# what do you think these Blue Laced Red Wyandotte?



## alychick (Nov 4, 2013)

These are 8 weeks old. I have been told that Wyandotte's can mature faster than other breeds. All input is appreciated, thank you.


----------



## Apyl (Jun 20, 2012)

The one on the left looks rooish, the one on the right could go either way. I've never had Wyandotte's so not 100% sure of how fast the females mature.


----------



## 7chicks (Jun 29, 2012)

Well, what I do know is they sure are cute! I love that adolescent age.


----------



## kessy09 (Jun 16, 2013)

The one on the left is for sure a roo. The right is hard to say. Wyandottes do seem to mature in size faster than other breeds (but start laying quite a bit later). Check for shiny saddle feathers coming in.
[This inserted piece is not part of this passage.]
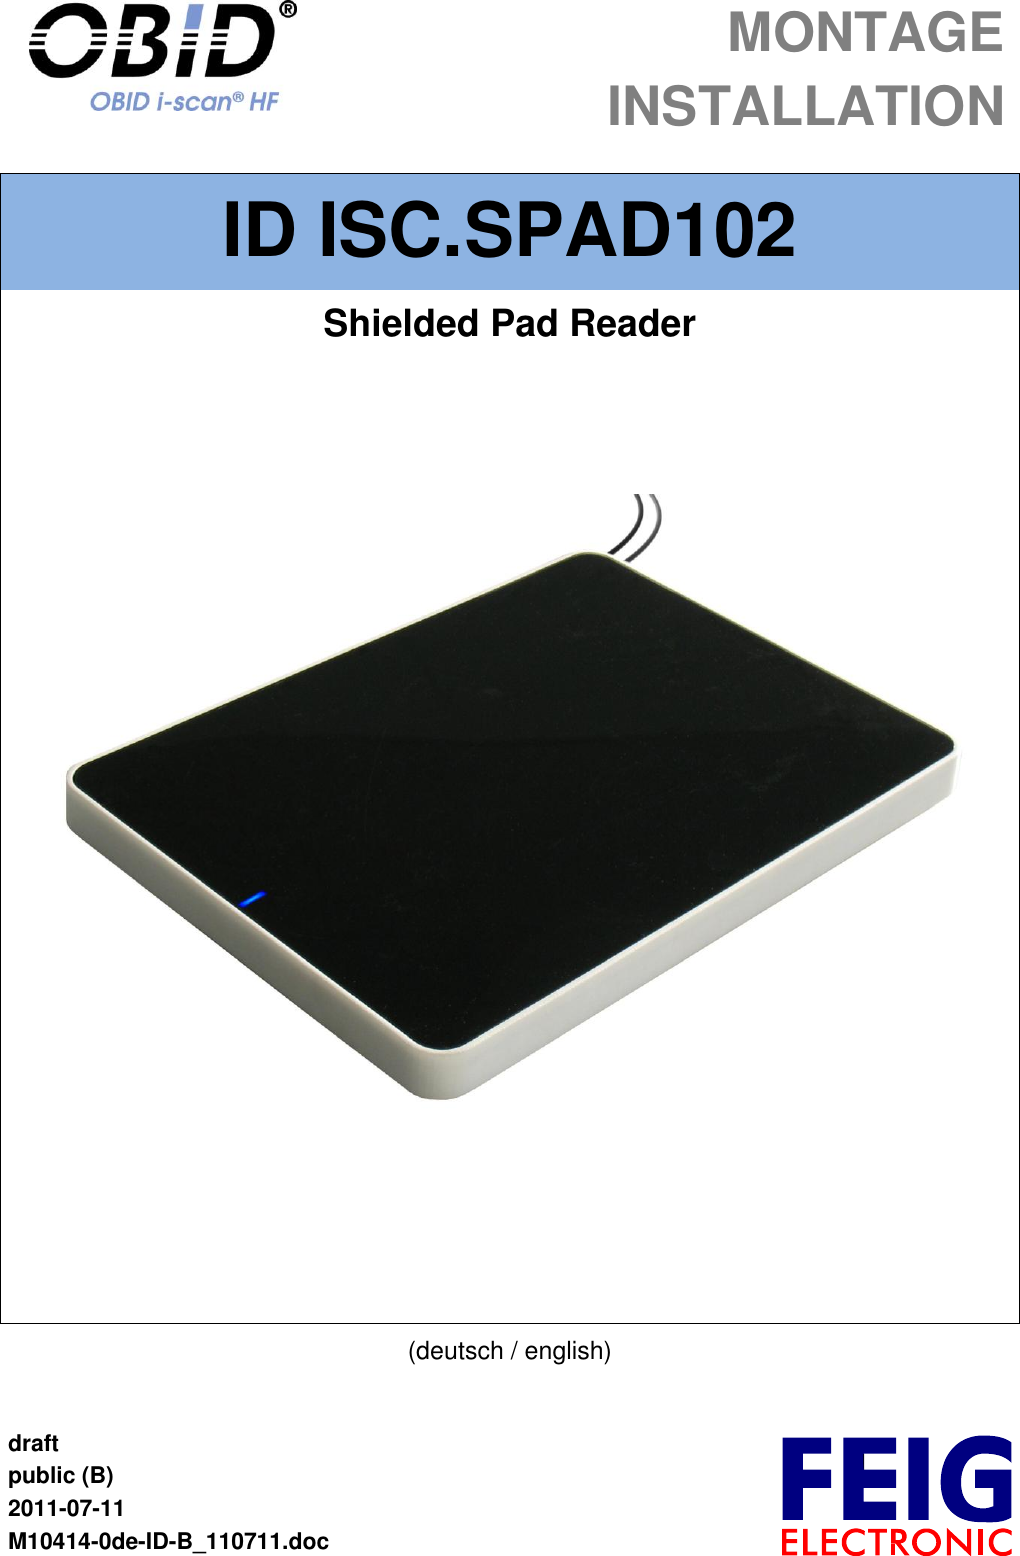  MONTAGE  INSTALLATION  draft public (B) 2011-07-11 M10414-0de-ID-B_110711.doc  ID ISC.SPAD102 Shielded Pad Reader     (deutsch / english) 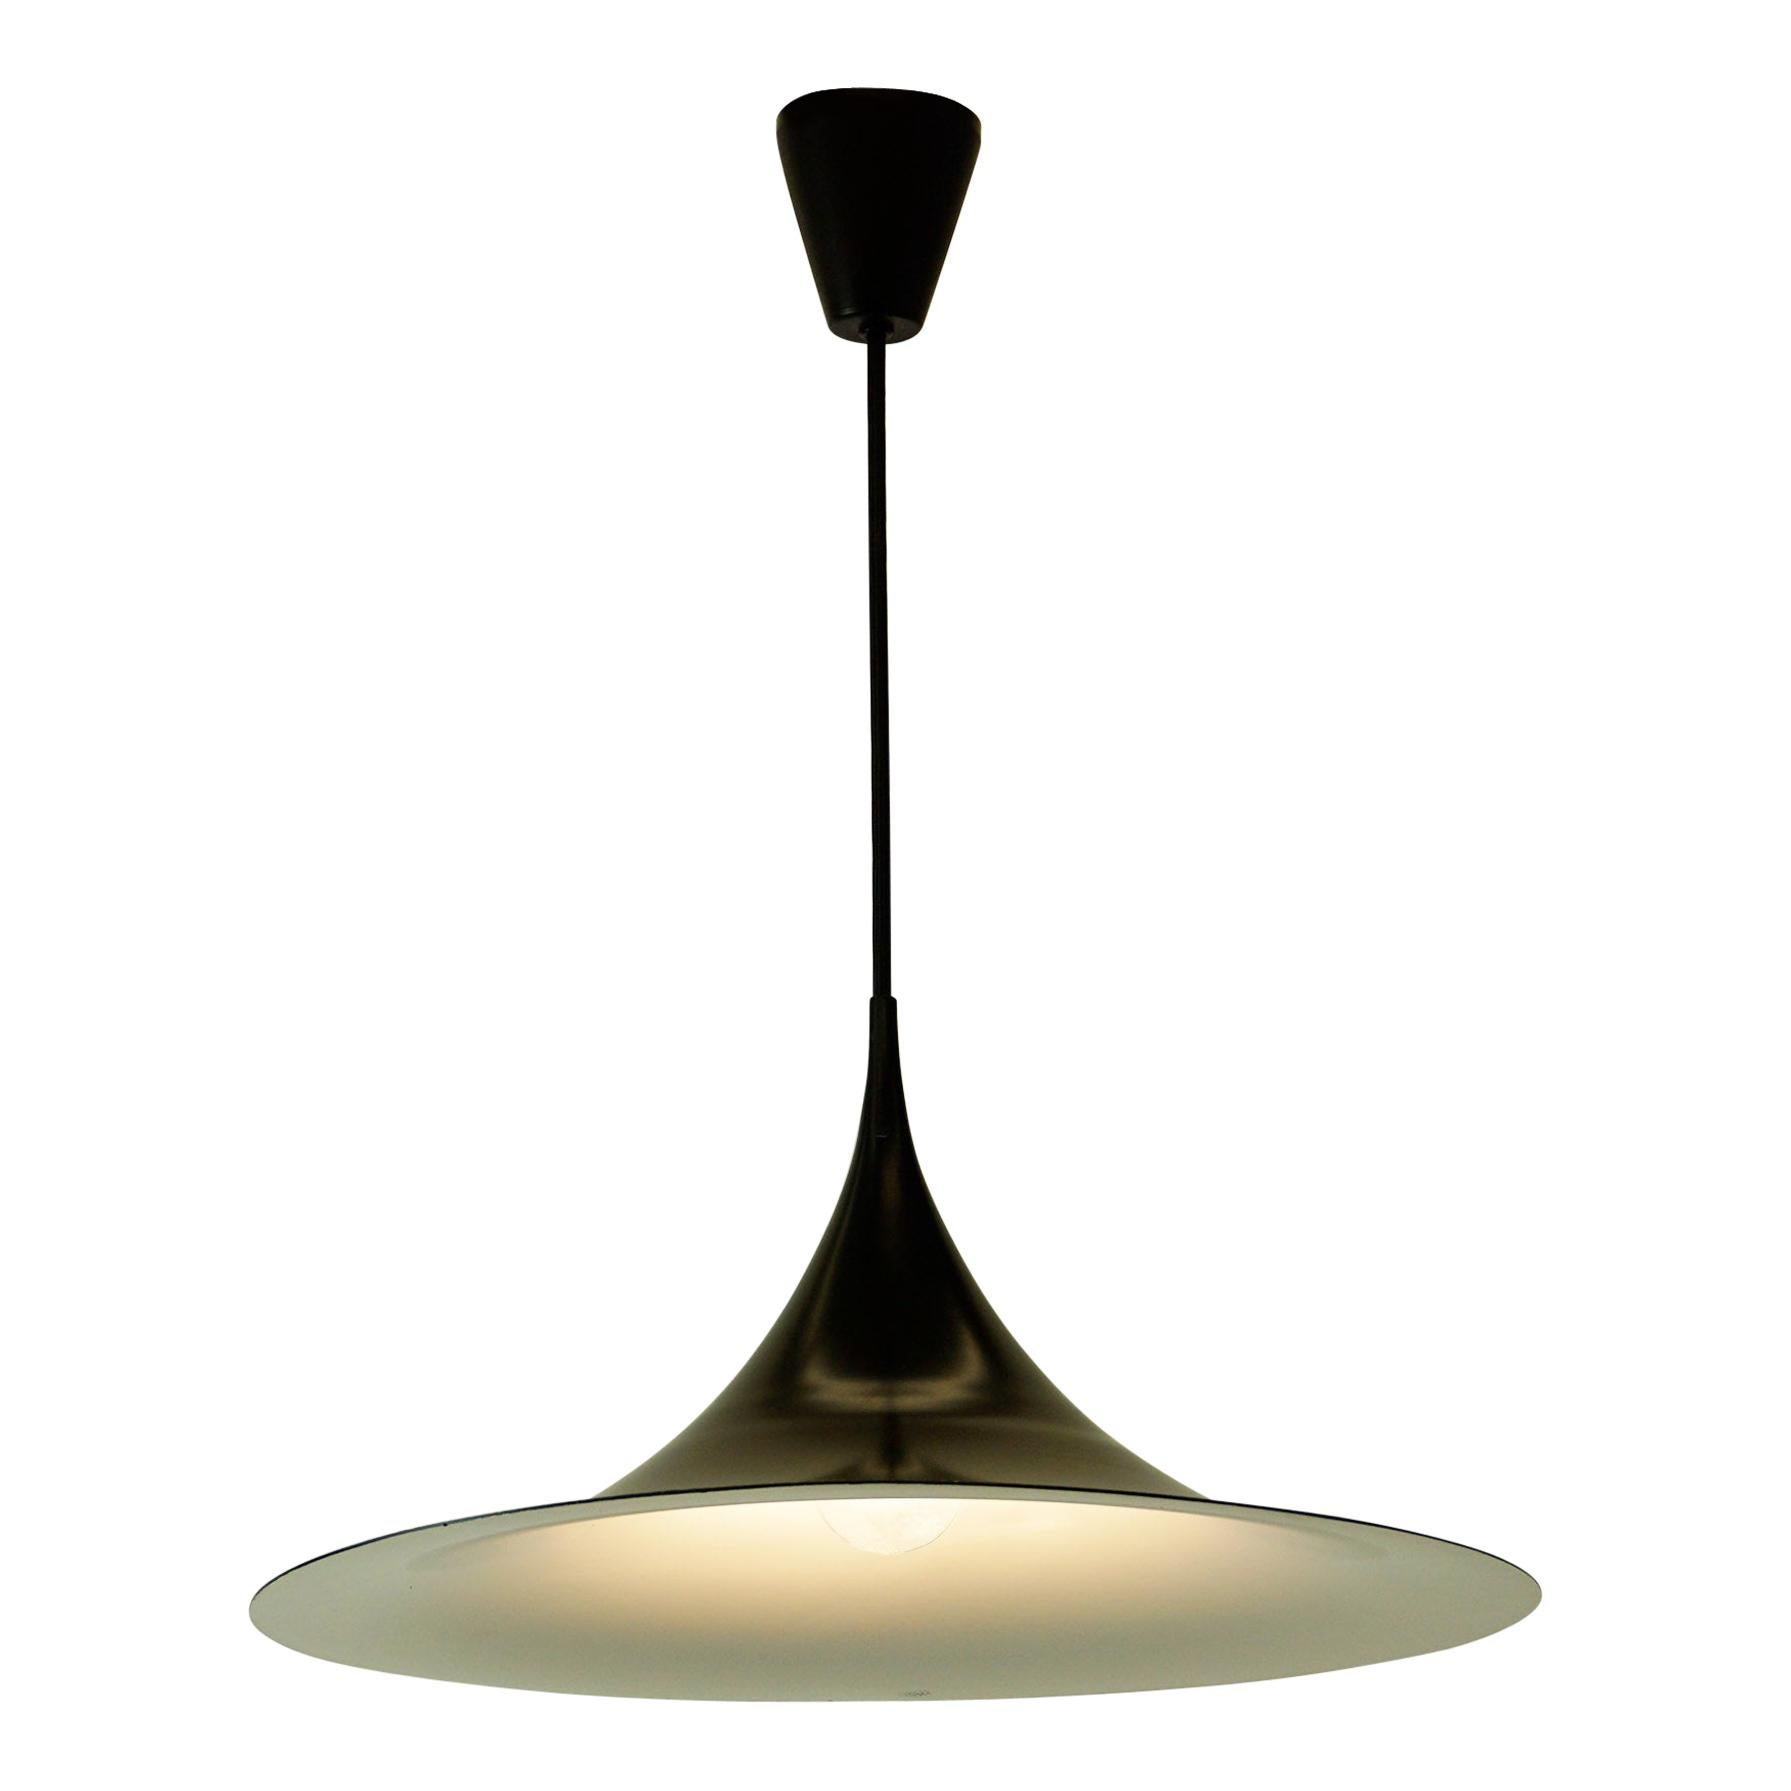 Scandinavian Modern Black Semi Pendant Lamp by Bonderup & Thorup for Fog & Mørup

You'll have to dig deep down into the feathers on the back and check to see what's growing out of there. If it has any sheen at all, they're boys. Also, look down onto their backs from a birds eye view. The females have a very clear, crisp laced pattern all over the body. The males don't, their backs are more stripey than laced and almost looks like they are wearing a shawl or something around their shoulders.


----------



## alychick (Nov 4, 2013)

Thank you for giving me some tips on what to look for. I will certainly take a look.


----------



## alychick (Nov 4, 2013)

Thank you! I think so too. I am enjoying them so much!!!


----------